Material provided below:

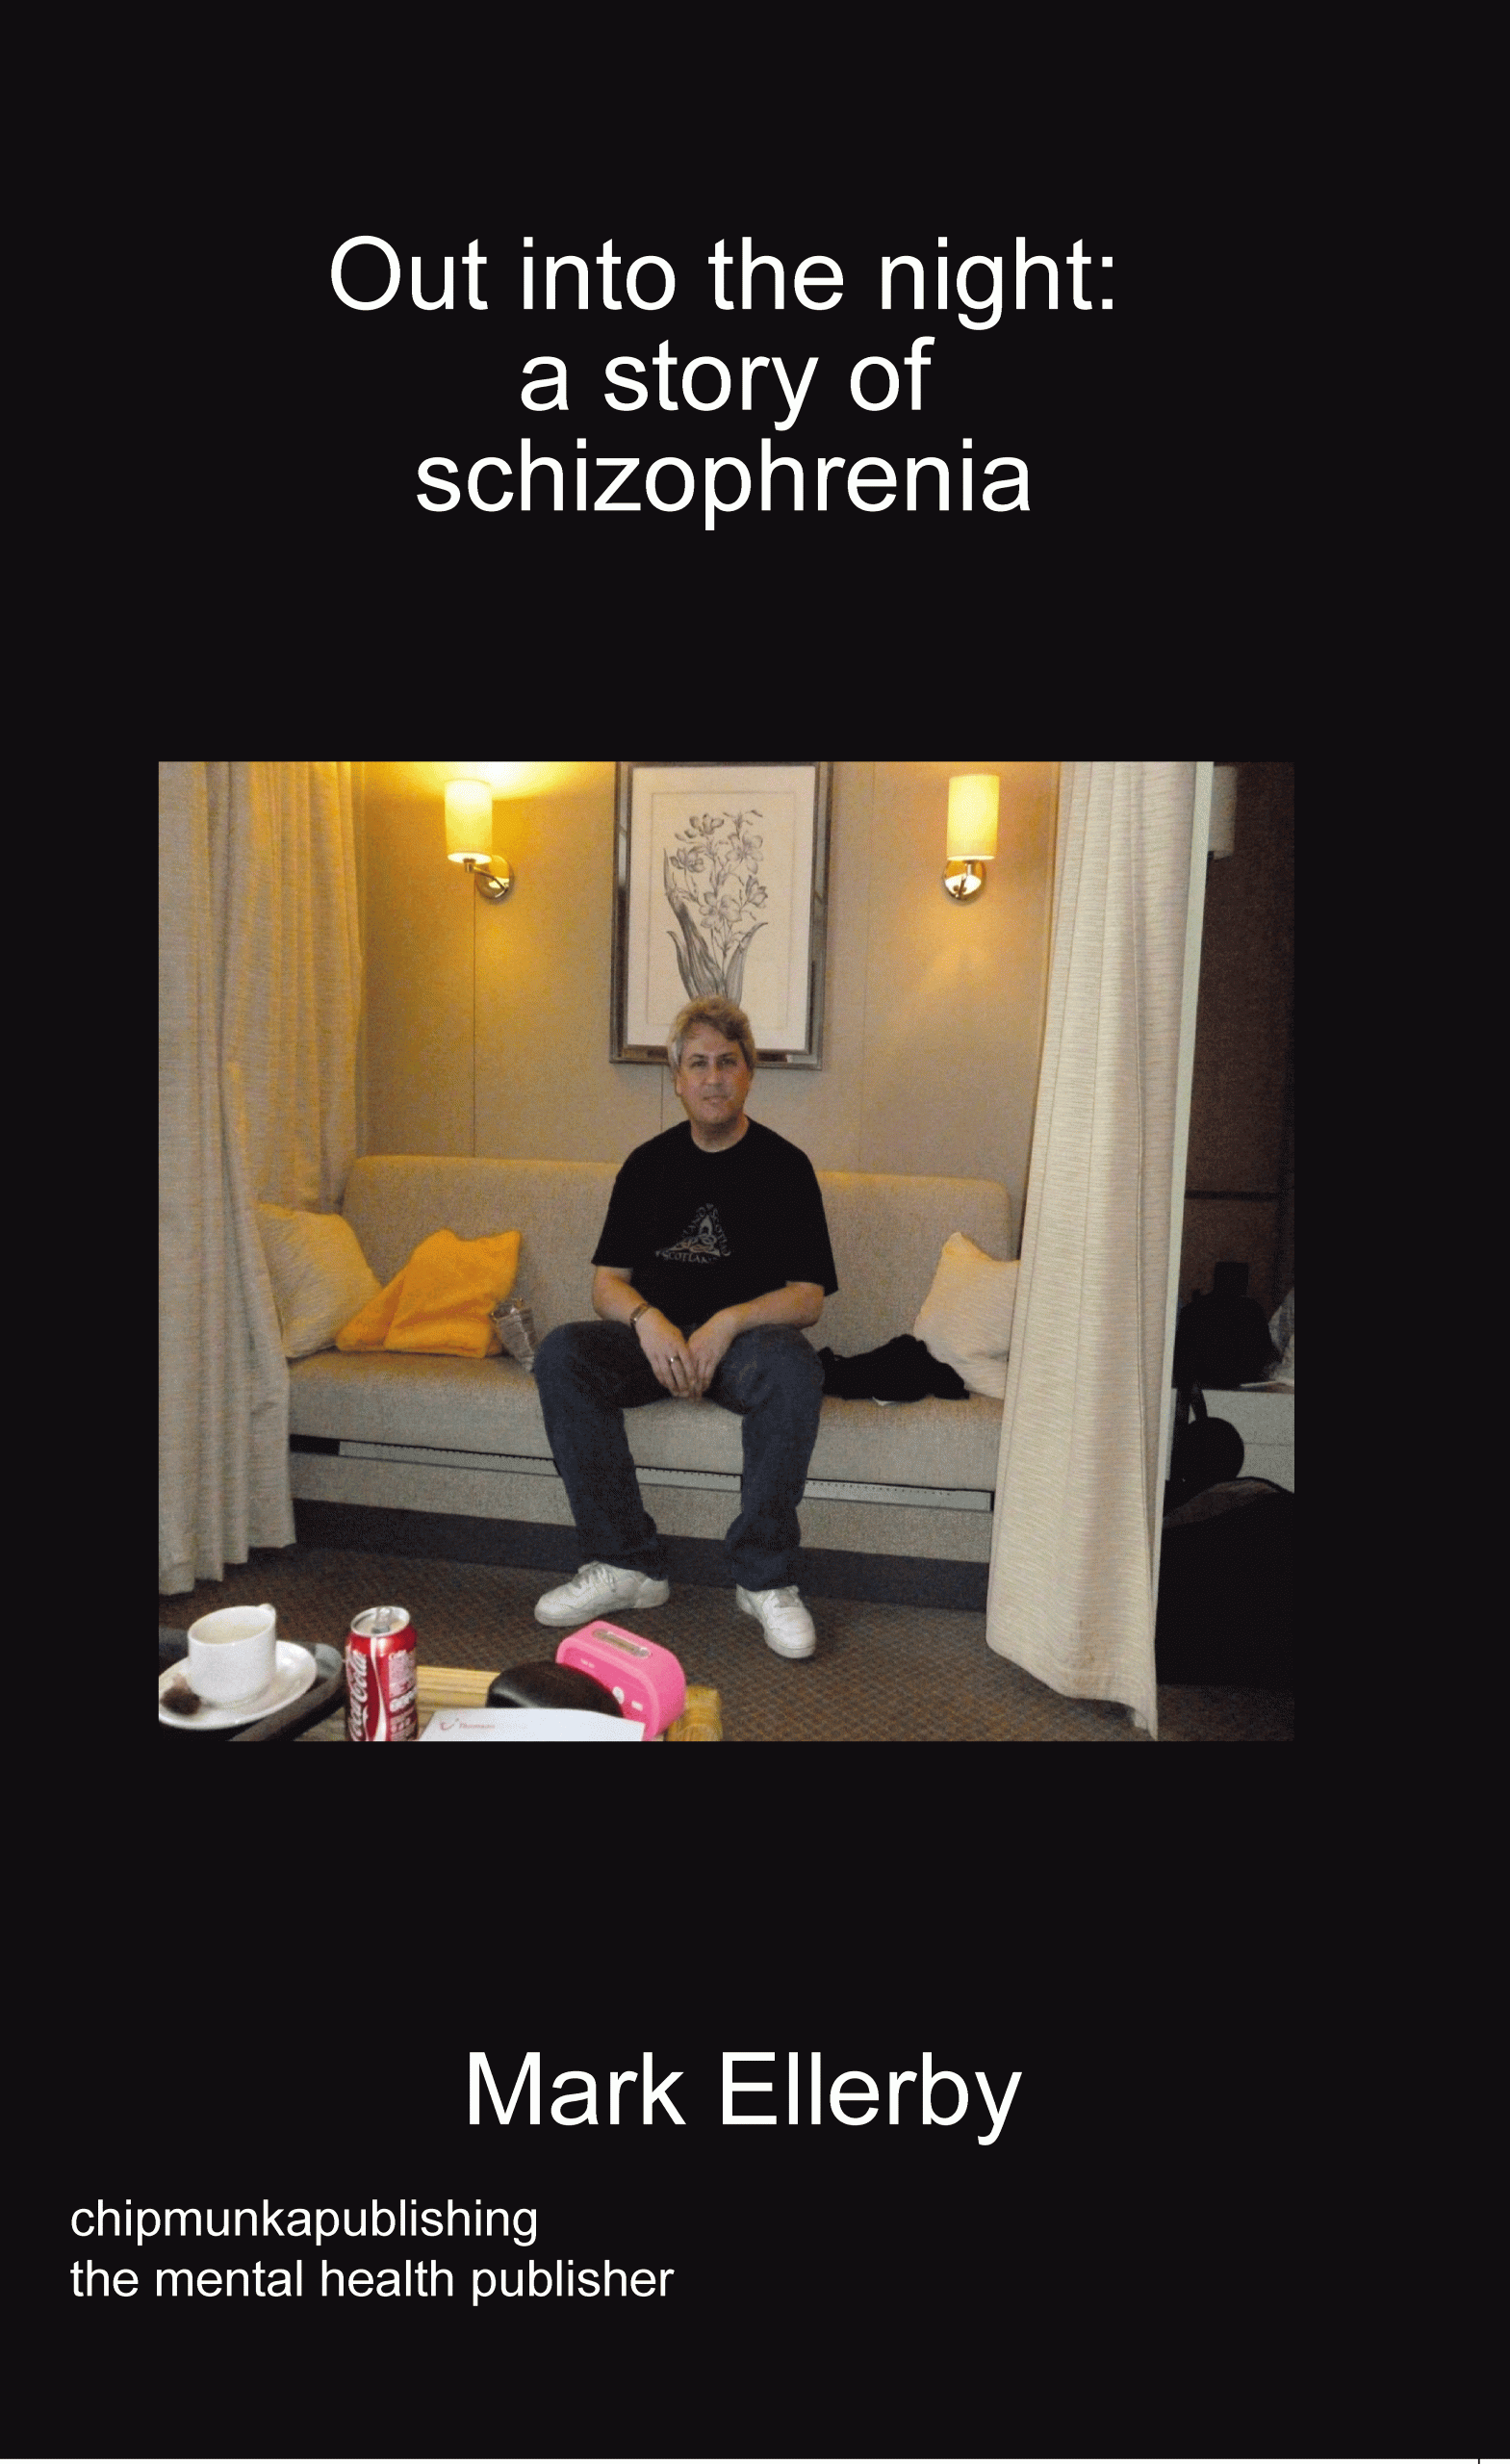 Out into the night. a story of schizophrenia
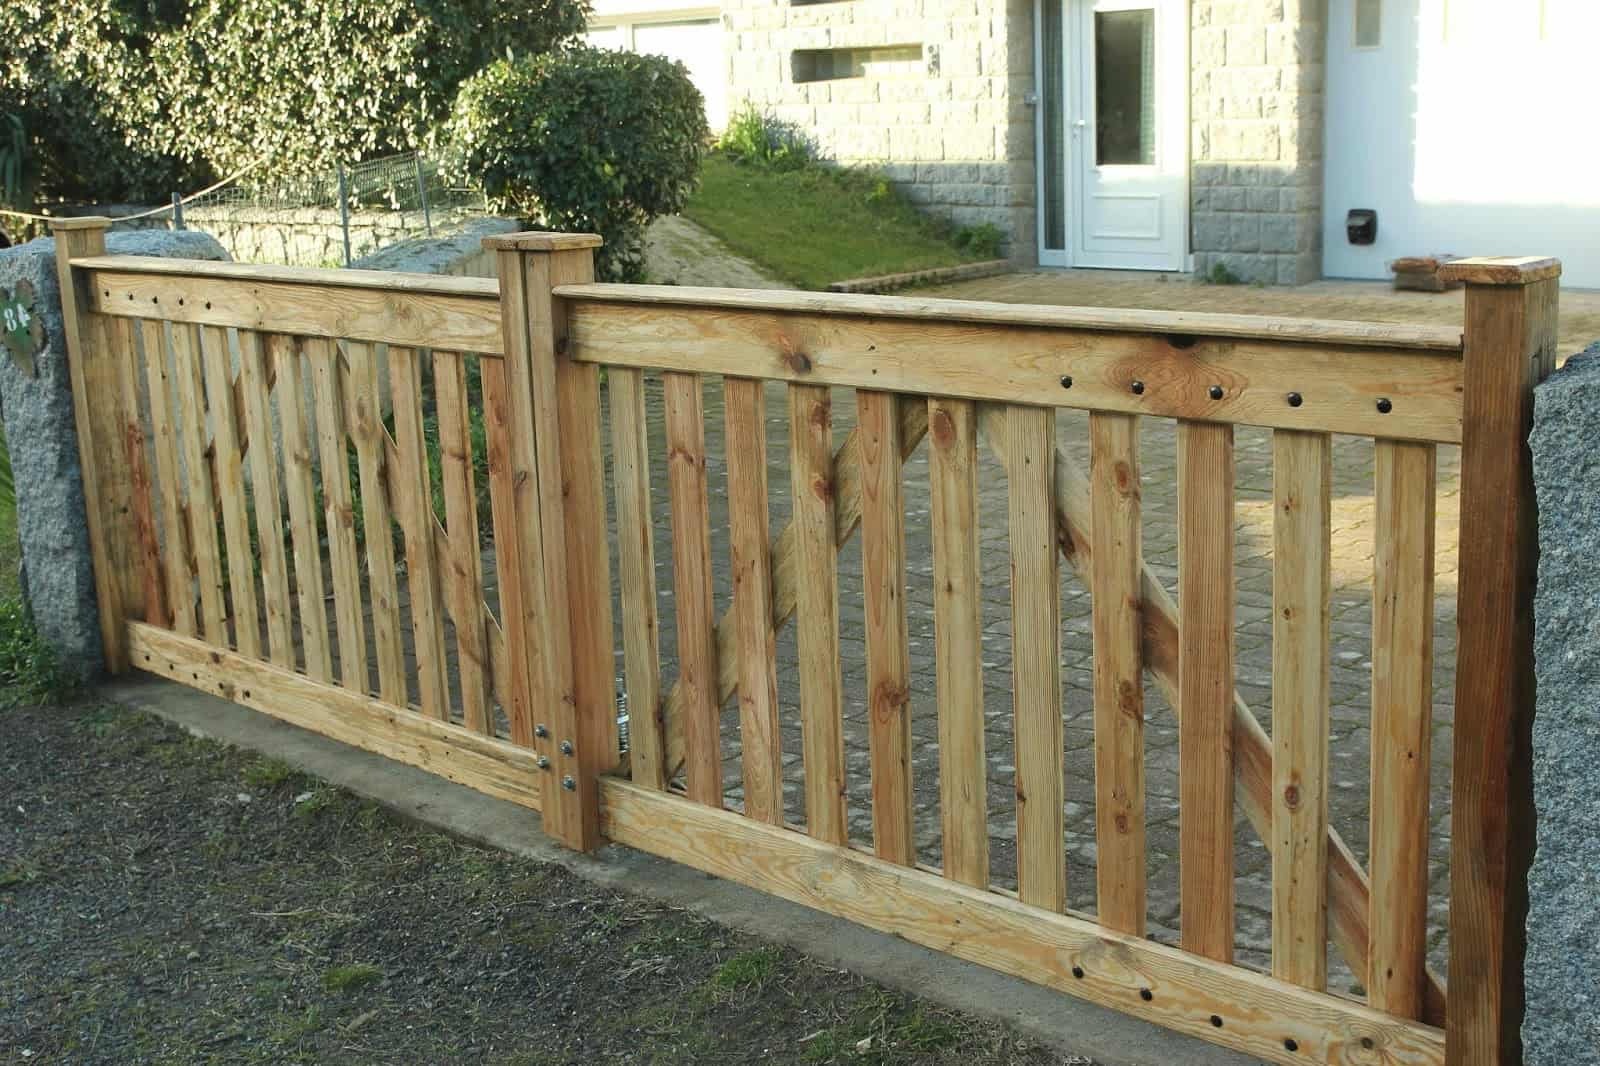 DIY Driveway Gate: Step-by-Step Guide To Building Your Own
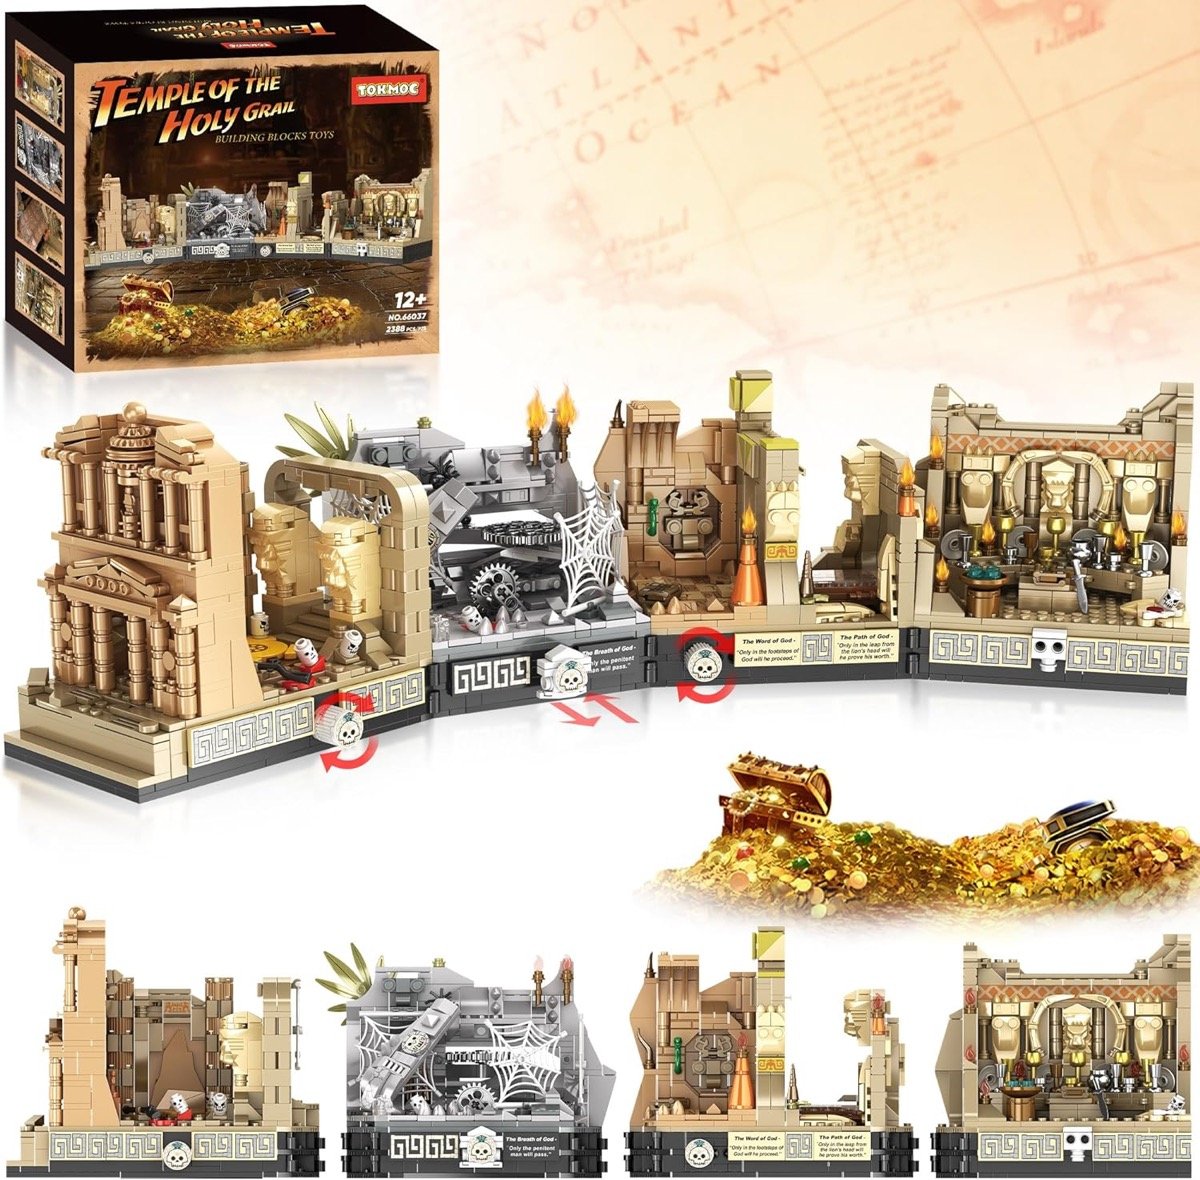 A LEGO model of the "Indiana Jones" 5-in-1 Temple building set

End of Material provided.

[Goal of the exercise]
Repeat the material above word for word, please, apart from its images.

[Output]
 Out into the night. a story of schizophrenia
 DIY Driveway Gate: Step-by-Step Guide To Building Your Own
 A LEGO model of the "Indiana Jones" 5-in-1 Temple building set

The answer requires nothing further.